On the Development of a Technique to Isolate Newly Recycled Synaptic Vesicles for the Purpose of Studying the Mechanism of Action of the Anticonvulsant Drug Levetiracetam

Abstract

Levetiracetam (lev) is a clinically used anti-epileptic drug. In contrast to traditional anti-epileptic drugs that target ion channels or GABAergic neurotransmission in order to globally depress synaptic activity, lev appears to have an activity-dependent effect. Lev binds the synaptic vesicle protein SV2 to depress synaptic transmission via an unknown mechanism. It was discovered that the depressive effect of lev on neurotransmission in cultured neurons was only apparent after high frequency stimulus trains.

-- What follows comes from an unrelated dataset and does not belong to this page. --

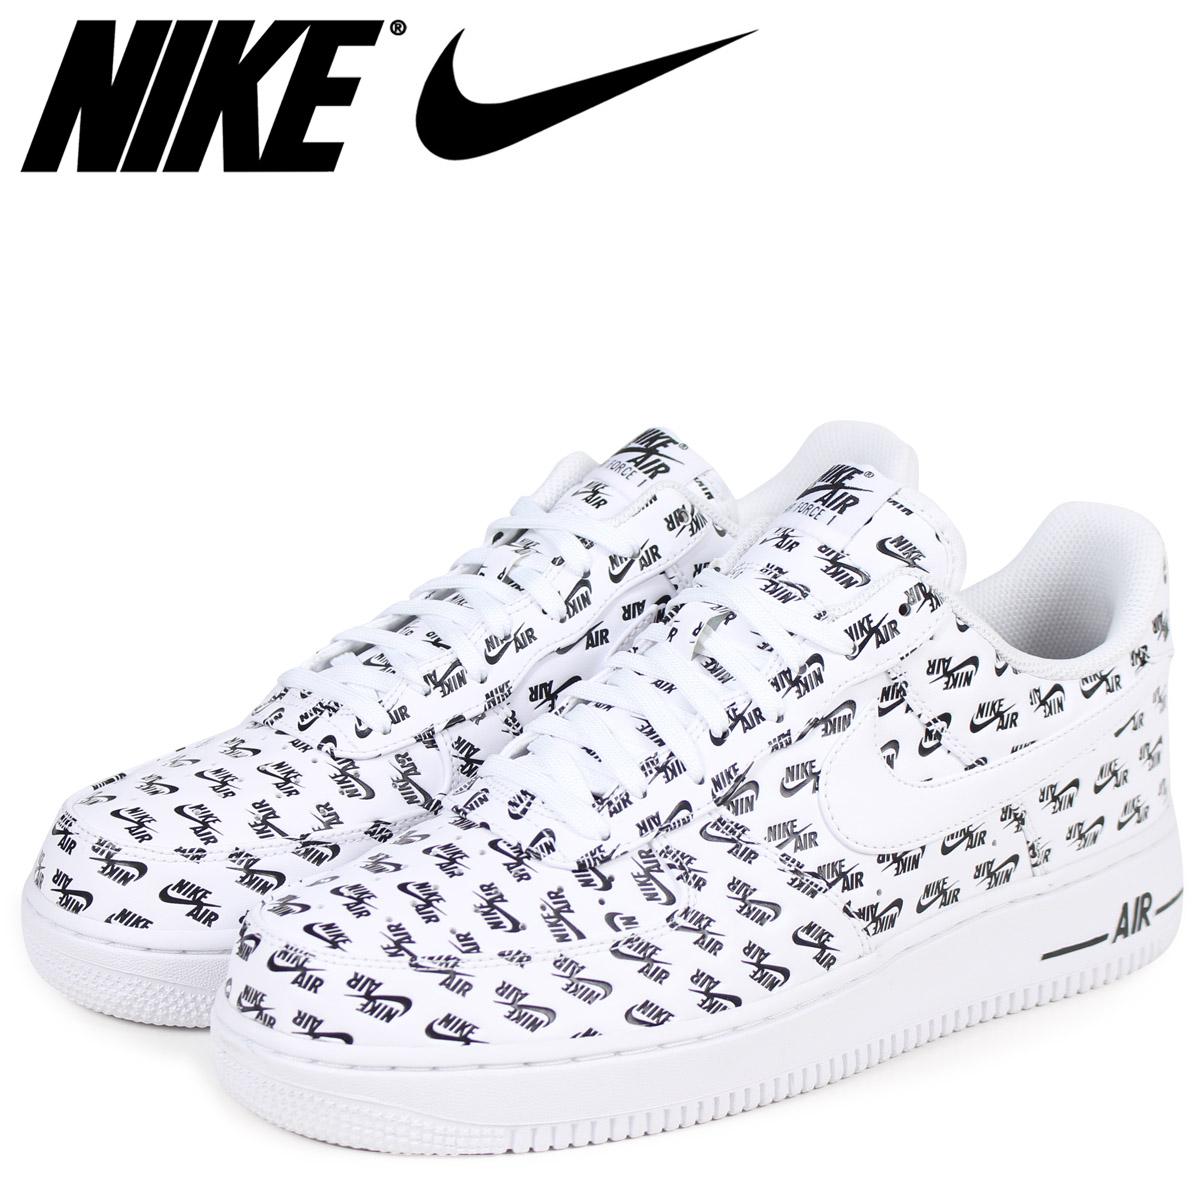 NIKE Nike air force 1 07 sneakers men AIR FORCE 1 QS ALL OVER LOGO AH8462 100 white white

This observation has been interpreted to indicate that vesicle fusion is required for lev to reach the SV2A present in vesicles, but this hypothesis does not account for the fact that lev is equally soluble in chloroform and water and has been demonstrated to be membrane permeable. We propose that vesicles must be recycled in order for lev to act because it changes protein trafficking. Lev’s target, SV2A, has been shown to play a role in protein trafficking during the recycling of synaptic vesicles. SV2 content in synaptic vesicles has been shown to be tightly regulated; exactly 5 copies are present in greater than 95% of vesicles, consistent with it being a potential nucleator of endocytosis. Furthermore, SV2 contains a domain that interacts with multiple clathrin adaptor proteins, and altering expression or a binding site can influence the sorting of synaptotagmin, a synaptic calcium sensor, into vesicles. To test the hypothesis that lev alters protein trafficking in synaptic vesicles via an interaction with SV2A, I aim to studying the composition of recycling synaptic vesicles in the presence and absence of levetiracetam. To do this, I will characterize and vet a protocol under development in the Bajjalieh lab that uses a recently developed class of dynamin inhibitors to trap vesicles in the process of endocytosis. Preliminary data indicates that we are able to isolate synaptosomes; depolarize them in the presence of a dynamin inhibitor, which traps recycling vesicles on the plasma membrane; isolate trapped vesicles via density centrifugation; and release vesicles from the plasma membrane with purified dynamin and GTP. Western blot analysis of these released vesicles suggests that lev changes the stoichiometry of vesicle proteins, supporting an effect on trafficking.